KSAK
- Walnut, California; United States;
- Broadcast area: Portions of The San Gabriel Valley
- Frequency: 90.1 MHz
- Branding: 90.1 Fred FM

Programming
- Format: Rap and rock

Ownership
- Owner: Mount San Antonio College

History
- First air date: January 2, 1974
- Call sign meaning: Mt. San Antonio College

Technical information
- Licensing authority: FCC
- Facility ID: 46740
- Class: D
- ERP: 1.9 watts
- HAAT: 165 meters (541 ft)
- Transmitter coordinates: 34°02′18″N 117°53′21″W﻿ / ﻿34.03833°N 117.88917°W

Links
- Public license information: Public file; LMS;
- Webcast: Listen live
- Website: www.mtsac.edu/audiomedia/fred_fm.html

= KSAK =

Radio station at Mt. San Antonio College in Walnut, California

KSAK (90.1 FM) is the campus radio station of the Mt. San Antonio College in Walnut, California, United States. Broadcasters and producers from local commercial radio stations teach classes at the college and supervise students who produce and announce news and music programming. The station broadcasts music in blocks of hip-hop, alternative rock, and pop music, interspersed with news and public service announcements.

==History==

On December 21, 1972, the Mount San Antonio Community College District received the construction permit for 90.1 FM, broadcasting with 3.5 watts. The station went on the air January 2, 1974, after being a carrier current station.

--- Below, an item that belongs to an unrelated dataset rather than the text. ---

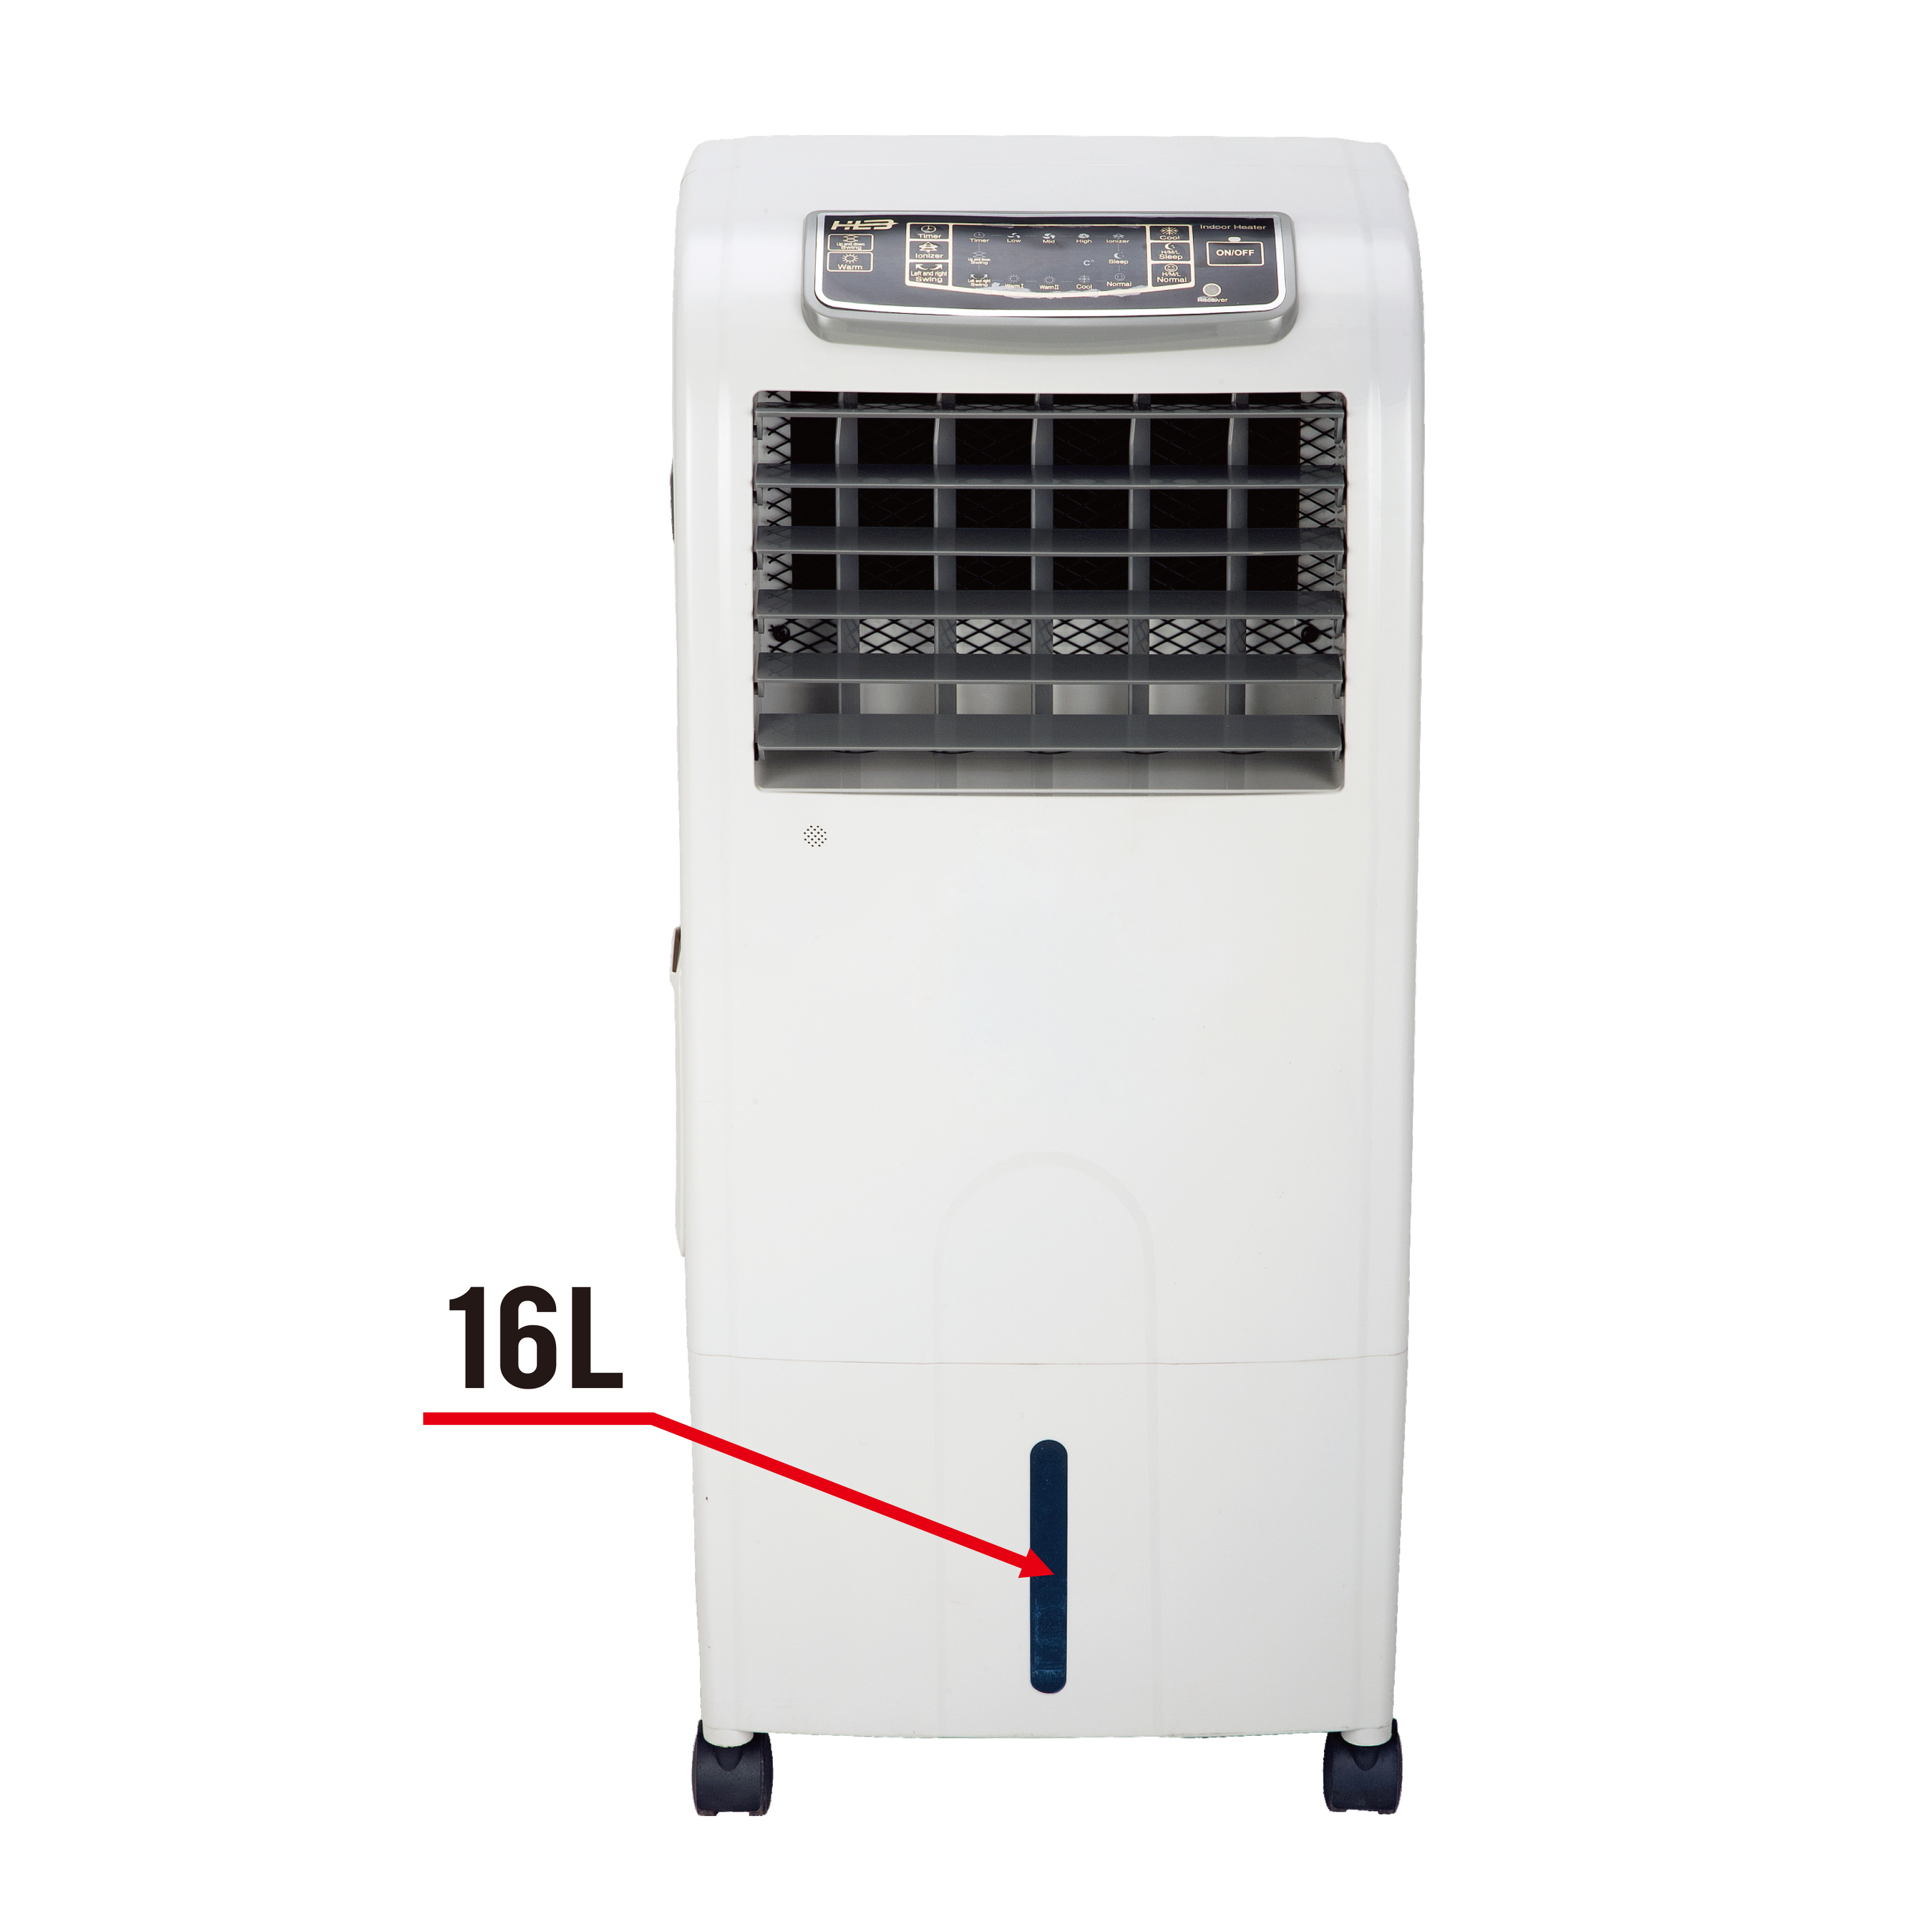 The Water Cooling & PTC Heating Electrical Air Cooler Heater 16L
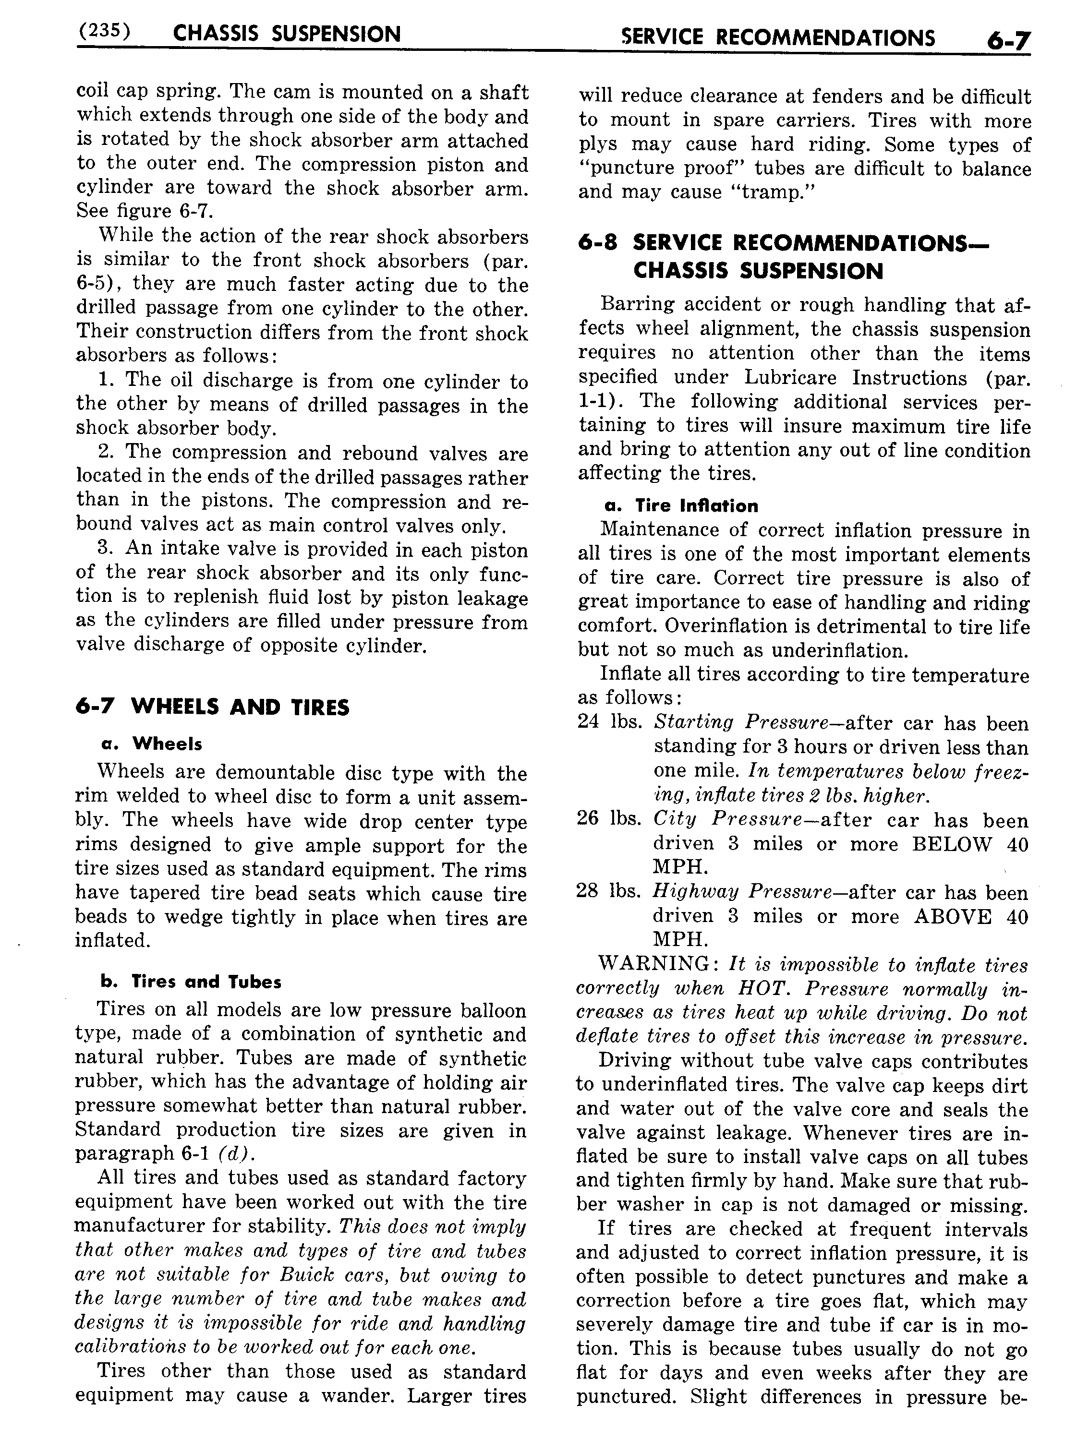 n_07 1951 Buick Shop Manual - Chassis Suspension-007-007.jpg

In fall 2011, the station was rebranded as "90.1 FM MtRock" after a management change at the college. The station is currently a rock format, playing rock from 1960 to today, as well as music from local Los Angeles artists and is operated by students at the college.

As of 2025, the station was rebranded to 90.1 Fred FM, a tribute to a student within the Mt. SAC Audio Media Program.